16 September 2011

Beer's Black Market

Recently, the Washington Post published a story about Beer's black market. You know, when someone gets a limited edition beer, puts it on eBay for hundreds of dollars. You know how I feel about the whole chase mentality thing. I am glad to see that the brewers are getting more proactive about the problem.

However hard they work to shut down this black market, they don't seem to be doing anything about the root cause of the situation: an intentionally small supply.

As the popularity of craft beer grows, people like me, who don't live in the popular brewing centers, are given short shrift. It's unreasonable of me to expect Russian River or Lost Abbey to distribute all over the country, but I do get tired of hearing how wonderful their beer is. (I've been to both places. They do have wonderful beer.) It's not their fault I live in the Great Texas Craft Beer Desert.

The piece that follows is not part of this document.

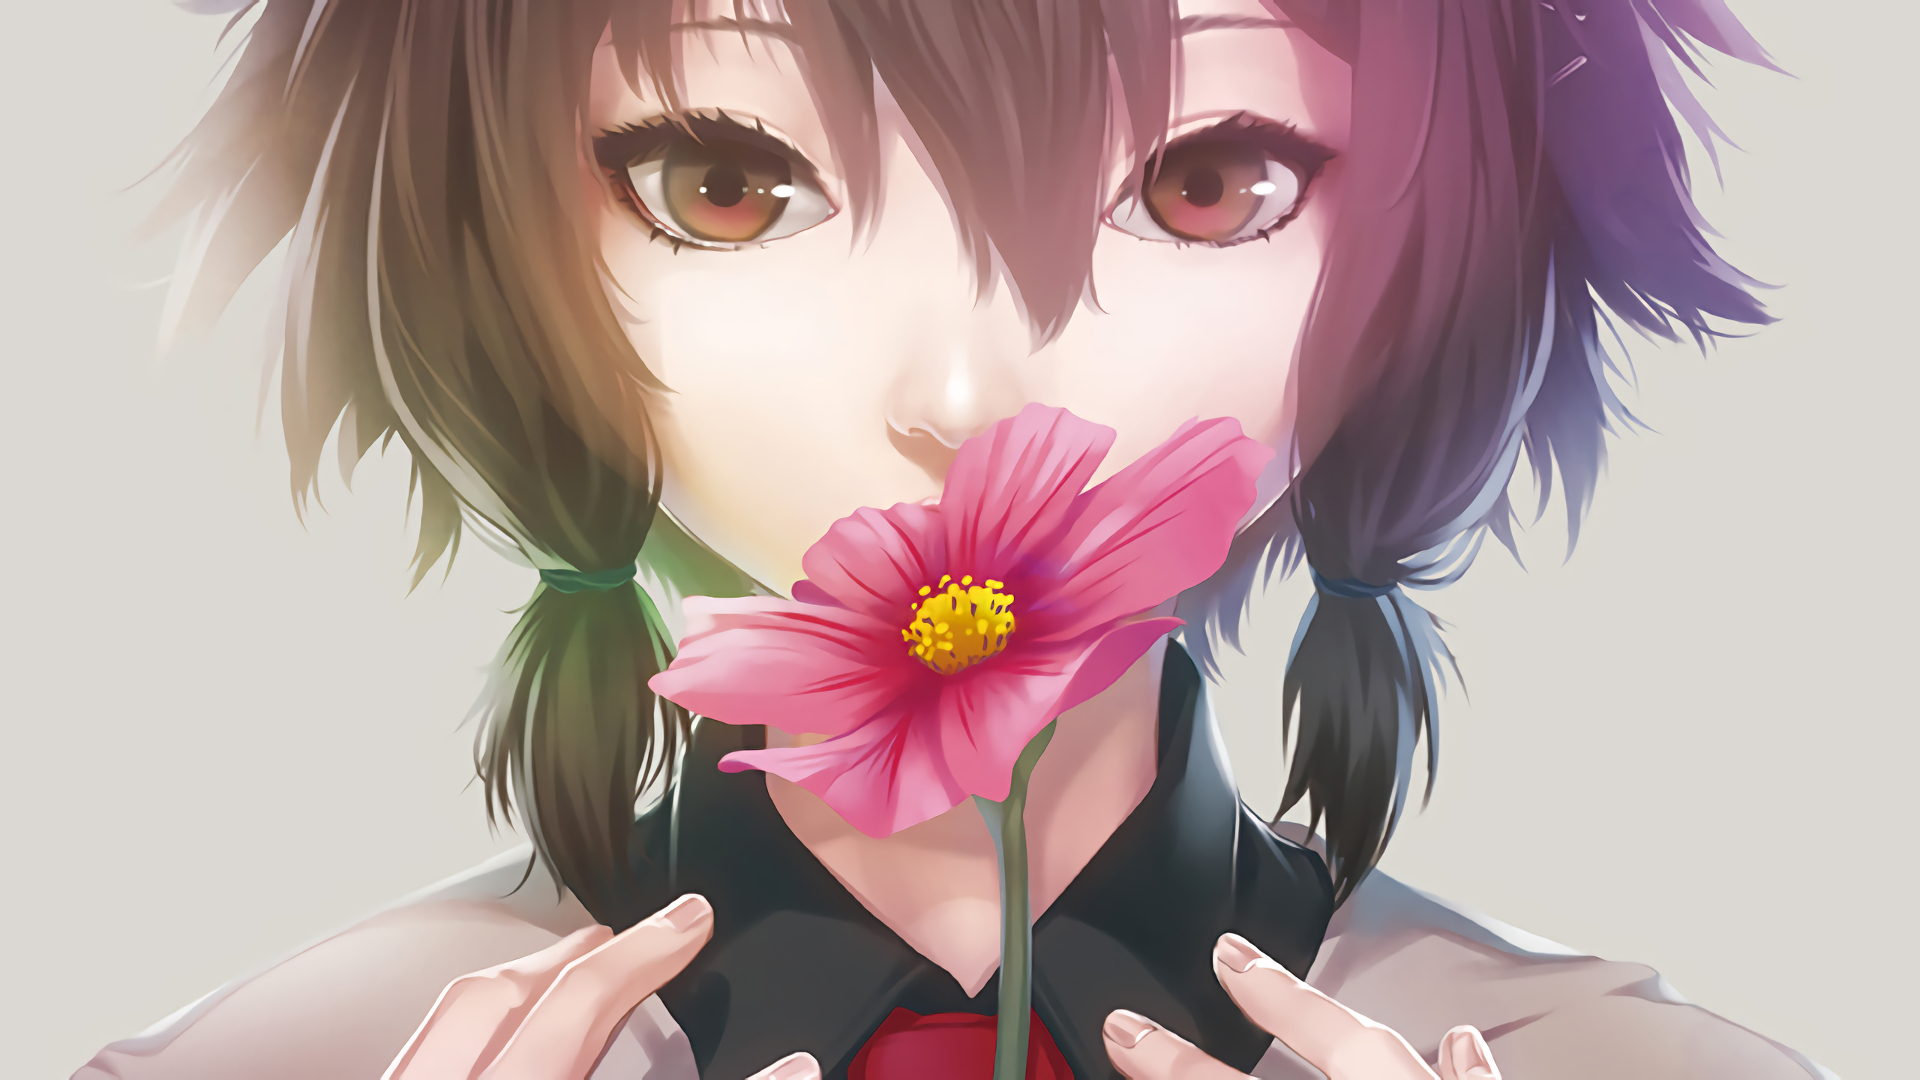 Anime girl looking at a pink flower by ニリツ

I could move into a place across the street from Russian River, or even Spec's in Austin. But I like the town I live in. So I make the occasional trek to one of the Oases (San Antonio or Austin) once a month to load up on Texas beers. I don't, as a matter of principle, put it on eBay. For several reasons.

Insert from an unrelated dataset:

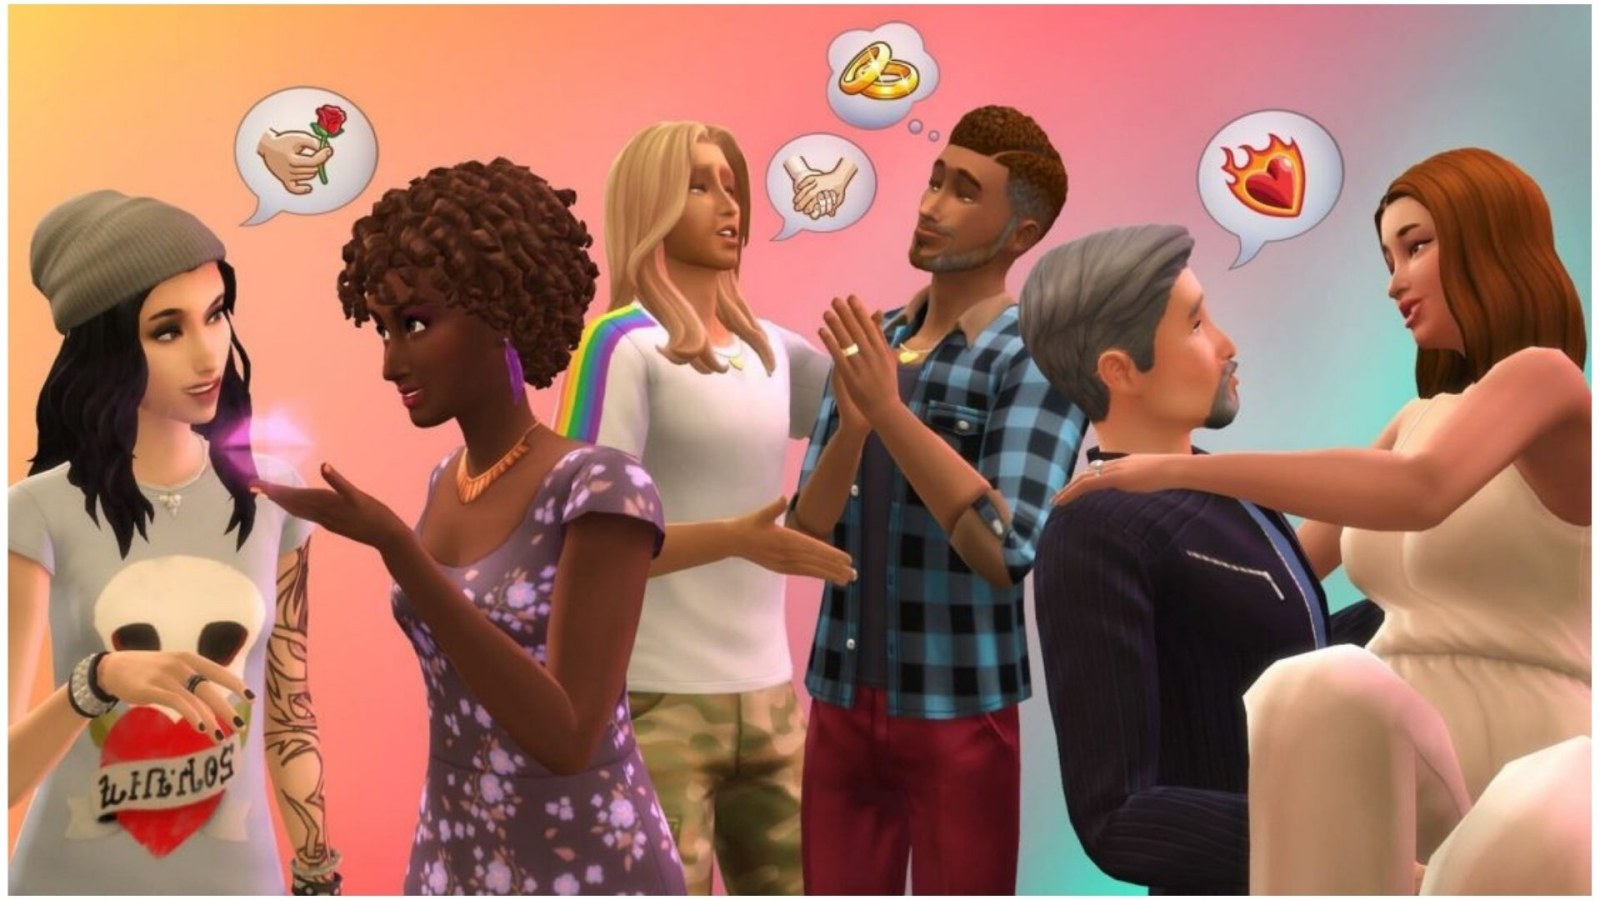 The Sims 4 relationship cheats: Max out friendship, romance, pets & more

First, I don't have a license to sell beer.

Second, if I put a "collectible bottle with an unknown liquid inside" (wink, wink, nudge, nudge) in a box and ship it in an unrefrigerated truck, the beer will be damaged at arrival. I don't want the buyer to leave me bad feedback for the shipping conditions. Now, I'm willing to gamble that damage on the beer I make when I send it to friends.

Third, I want to drink it!

There are two solutions to the beer black market and neither of them work: The brewers could make more beer, or we consumers could stop being dicks by trying to profit off of someone else's hard labor.